A big ace up our sleeve is vaccination! If we can quickly vaccinate population before B.1.1.7 increases in frequency, we can push Rt well below 1. Vaccines are very effective against B.1.1.7 so far (i.e. w/out E484K mutation, so I hope we can pull this off!
Obvious lurking concern is whether immune escape variants (e.g. B.1.351) will spread in partly (& later more fully) vaccinated populations. I hope the answer is poorly, but no hard data to know yet.
Clarification: All plots here show the FREQUENCY of B.1.1.7, so they show changes RELATIVE to other variants. Factors that increase Rt (e.g. less restrictions, social behavior) wouldn't affect rate of frequency increase unless they affect the variants differently.
Based on comparing real-world trajectories, one (speculative, yes) question may be whether B.1.1.7 is less susceptible to NPIs than B.1.3.5. So it's probably possible for various factors to differentially affect variant trajectories (and also makes B.1.1.7 such a challenge).
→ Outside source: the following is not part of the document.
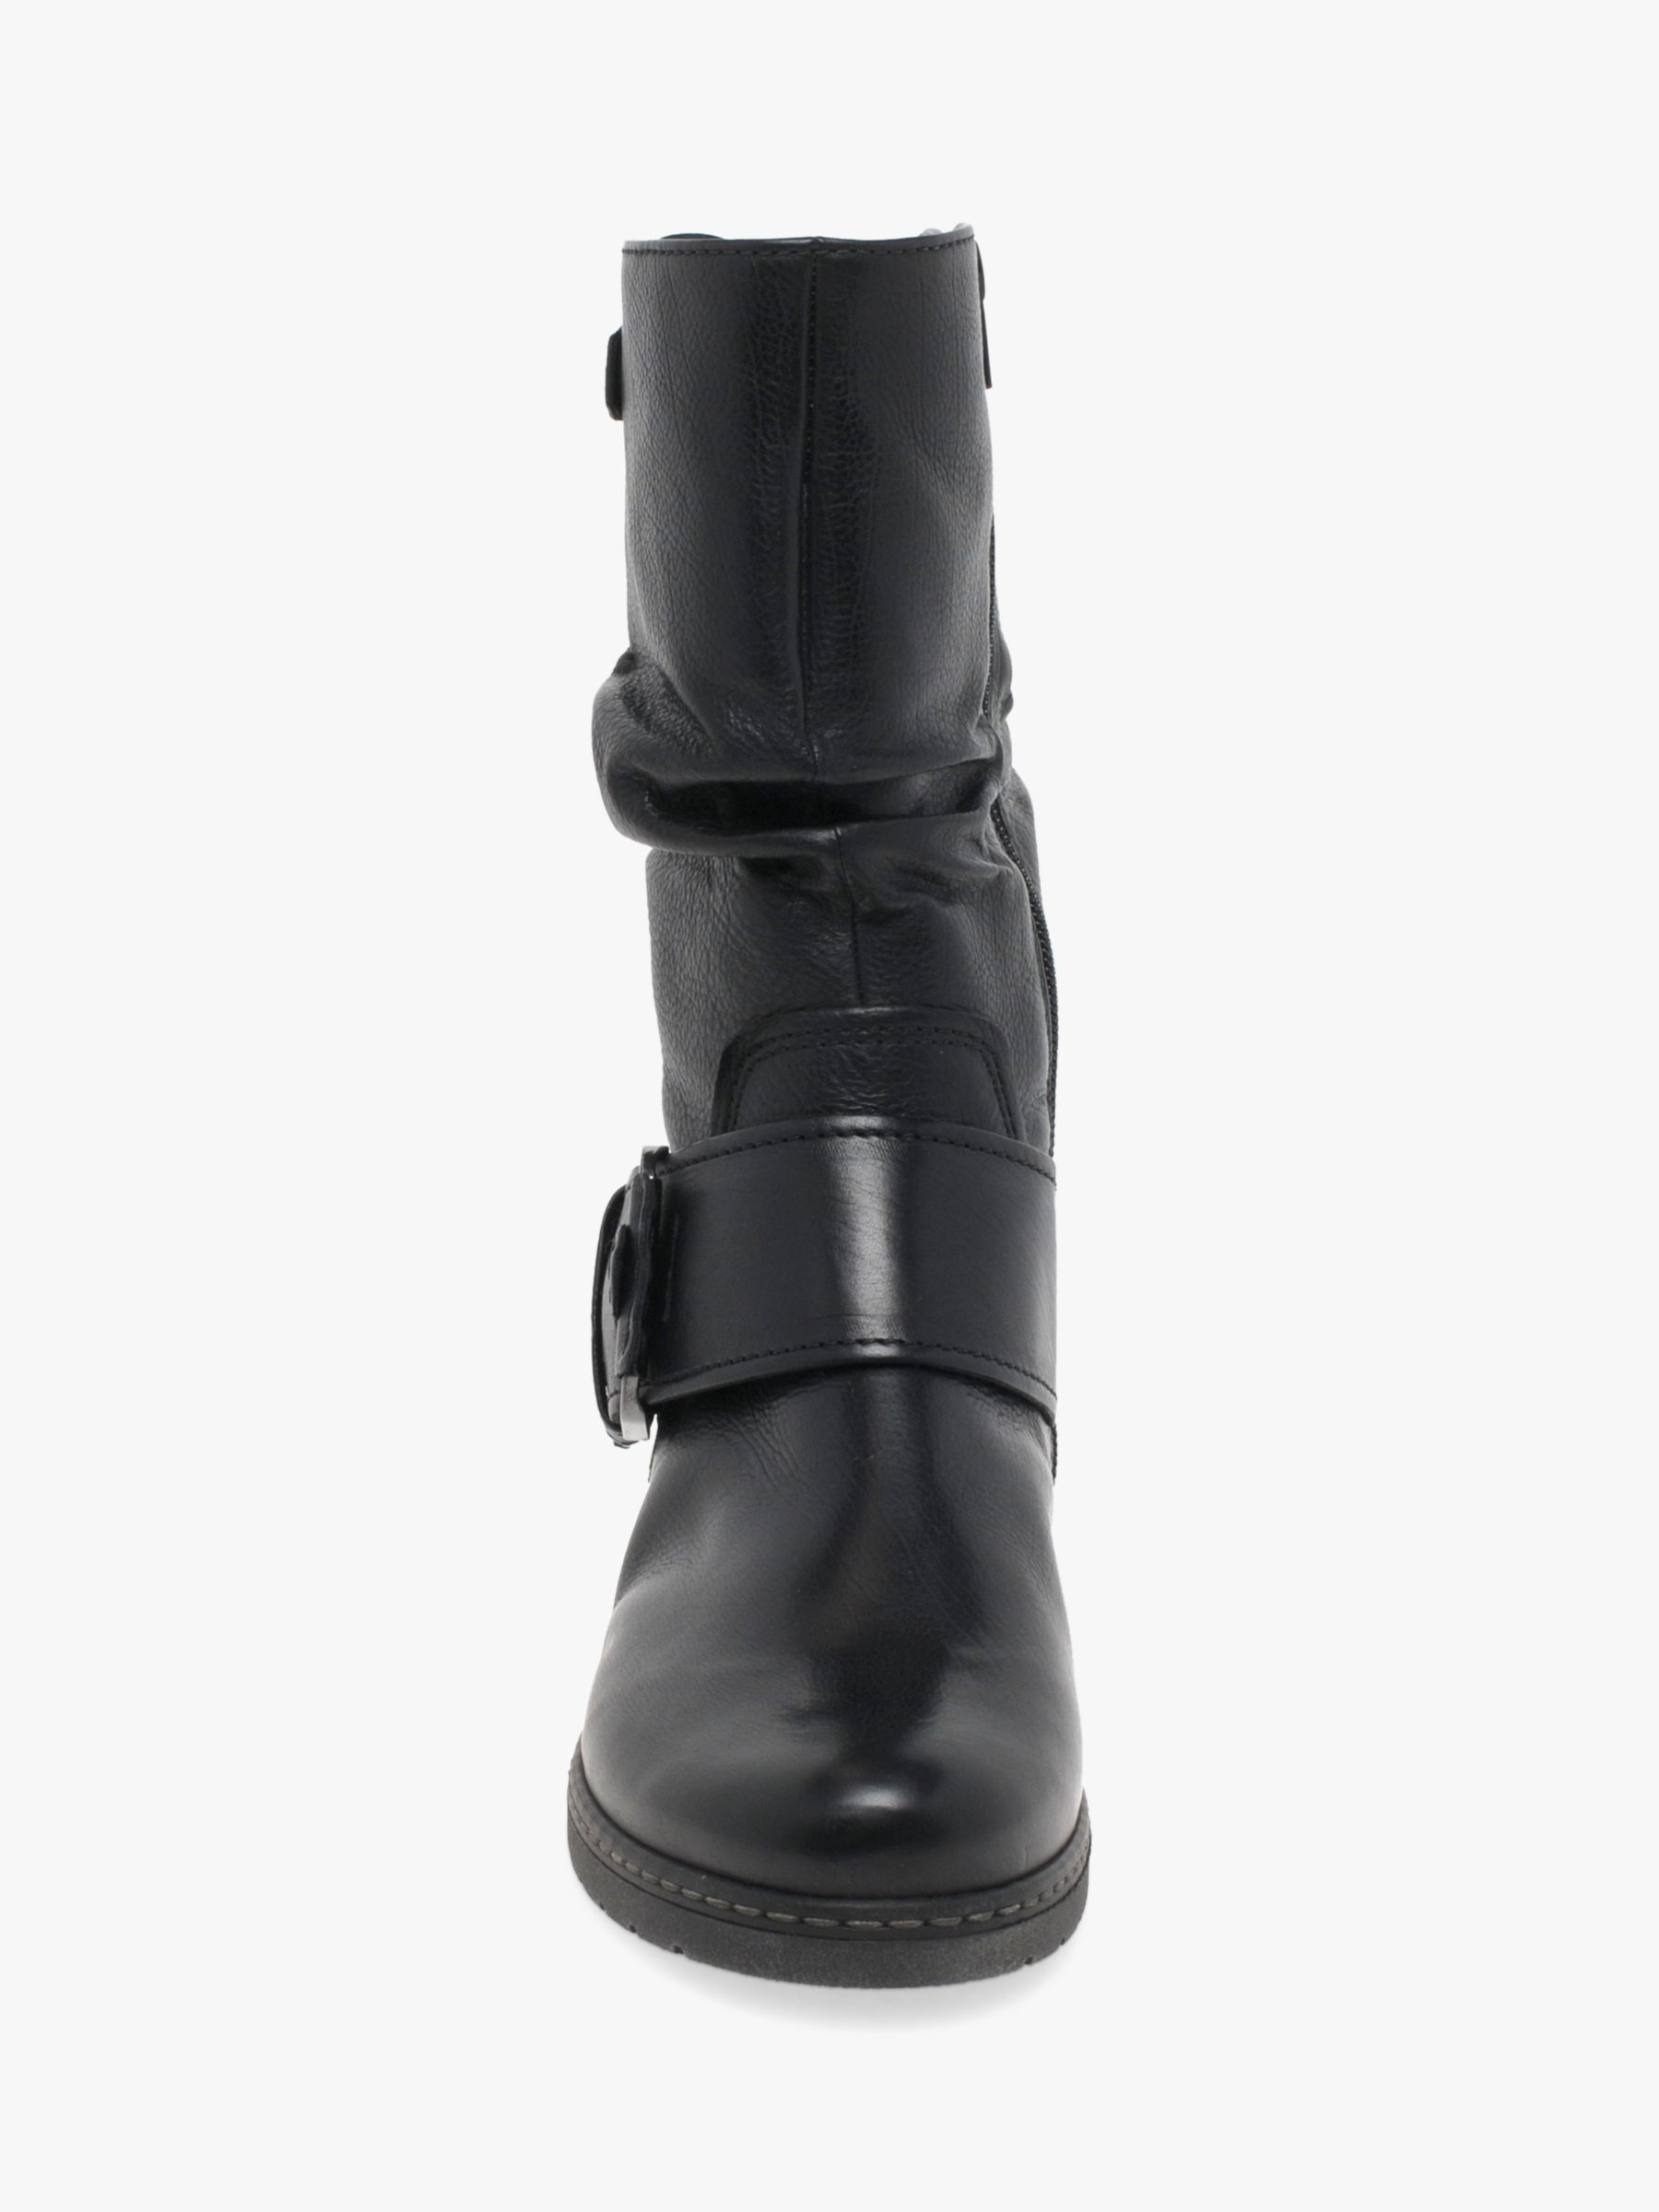 gabor calf length boots

Interesting idea! How were you thinking this would work (other than age-dependent Rt hyp above)? Are you hypothesizing that B.1.351 has a lower R0 than B.1.1.7 (but could have a higher Rt due to more immune evasion) so easier to control with NPIs? Or am I misunderstanding?
Different infectious window: length and/or timing? Earlier/later infectiousness in disease course (later easier to notice/control with NPIs) or narrower/wider duration (latter harder with NPIs). South Africa vs UK/Israel/Europe trajectory is interesting. B.1.1.7 seems terrible.
So, speculatively, that combo could account for re-infection (spiking again in the highly-connected population) and the antibody drop findings of b.1.135 and the South Africa surge/fall trajectory. Meanwhile, note the persistent havoc B.1.1.7 (no immune evasion) seems to wreak.